No hay que apartarse nunca de los iconos estándares. Para volver al inicio, símbolo de la casa. Siempre. La aplicación debe ser intuitiva, el diseño ha de ser uniforme. Todos los elementos del diseño deben tener un mismo estilo e identidad visual. Al momento del diseño y desarrollo de aplicaciones, no hay que “inflar” la aplicación con características adicionales que no tengan un propósito real.
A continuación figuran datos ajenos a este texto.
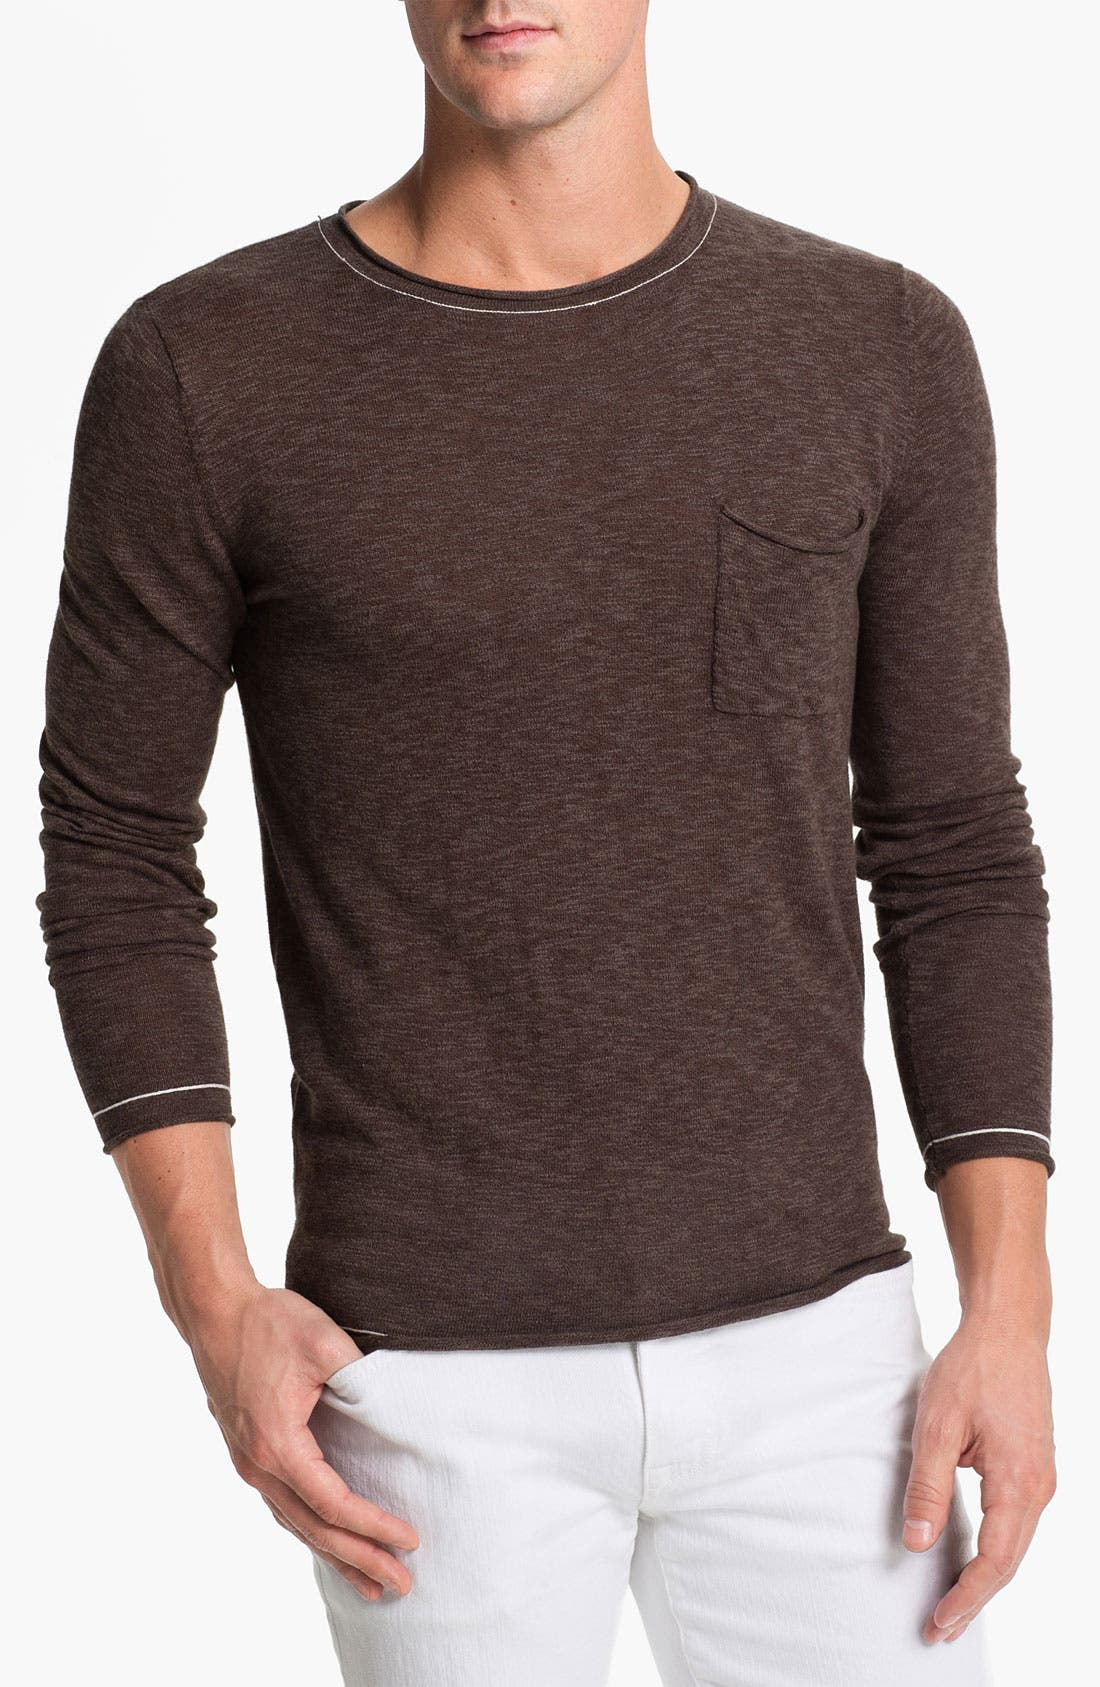 Alternate Image 1 Selected - Antony Morato Slub Crewneck Sweater

El usuario no quiere ni tiene tiempo de usar este tipo de ‘extras’.

Además, cada elemento de la aplicación debe parecer y ser tocable. Hay que evitar que el usuario se moleste o se sienta estúpido por intentar mover un elemento y que no haya interacción alguna. Otro error garrafal, en cualquier tipo de app, es olvidar las funciones del tipo ‘Compartir’, ‘Comentar’, ‘Me gusta’.

Falta de visión sobre el uso de las tecnologías móviles

En otro sentido, la falta de visión puede convertirse en un obstáculo para las empresas que se encargan del desarrollo de aplicaciones que buscan aprovechar los beneficios de las aplicaciones móviles, pues tiene efectos tanto estratégicos como a nivel de procesos concretos. Con frecuencia, a pesar del enorme esfuerzo que muchas empresas llevan a cabo en el desarrollo de aplicaciones móviles, los líderes dentro de las mismas olvidan por completo la forma en que dichos desarrollos afectan su modelo de negocio, sus operaciones del día a día y el rol de muchos de sus empleados.

La falta de visión termina de esta forma por generar un corto circuito entre las aplicaciones móviles y los objetivos estratégicos de la empresa que se encargan del desarrollo de aplicaciones, ya que sin objetivos y propuestas claras, los beneficios de las aplicaciones móviles pueden perderse por completo de vista.

Desconocimiento de las plataformas móviles en el mercado

Las aplicaciones móviles son sin duda un desarrollo tecnológico reciente que aún se encuentra en su ciclo de adopción, lo cual justifica así mismo los beneficios que su adopción conlleva. Dado el nivel de innovación que dichas tecnologías implican para cualquier empresa, es importante que su empresa conozca y compare los distintos matices tecnológicos que cada aplicación móvil posee antes de contratar una agencia de desarrollo de aplicaciones. Esto en muchos casos puede ir más allá de aspectos menores, dependiendo del contexto de negocio de cada empresa.

Falta de conocimiento o capacitación de los miembros de la empresa sobre el uso de la tecnología móvil

Así como el desconocimiento de la tecnología móvil puede afectar su aplicación, el conocimiento sobre su uso y aplicación es determinante para el éxito que su empresa pueda tener con una aplicación móvil. Determinante porque las empresas que desarrollan capacidades y conocimientos dentro de sus filas son las que con mayor solidez logran establecer aplicaciones móviles exitosas. Del mismo modo, si su empresa puede contar con aliados que posean el conocimiento específico, la aplicación de nuevas tecnologías puede ser igualmente ventajoso, pero en la mayoría de los casos mucho menos costoso para su empresa.

Una aplicación es un producto de consumo. En consecuencia, es necesario dedicar tanto o más tiempo y dinero al marketing como el que destinaríamos para promocionar cualquier otro producto destinado a venderse. En el proceso del desarrollo de aplicaciones en las empresas, es preciso dejar a un lado el pensamiento sobre “cuántos clics o descargas” se lograrán y centrarse en involucrar al usuario y fidelizarlo (engagement). La métrica relevante para valorar el éxito de una aplicación consistirá en lograr el mayor tiempo posible de permanencia del usuario en ella.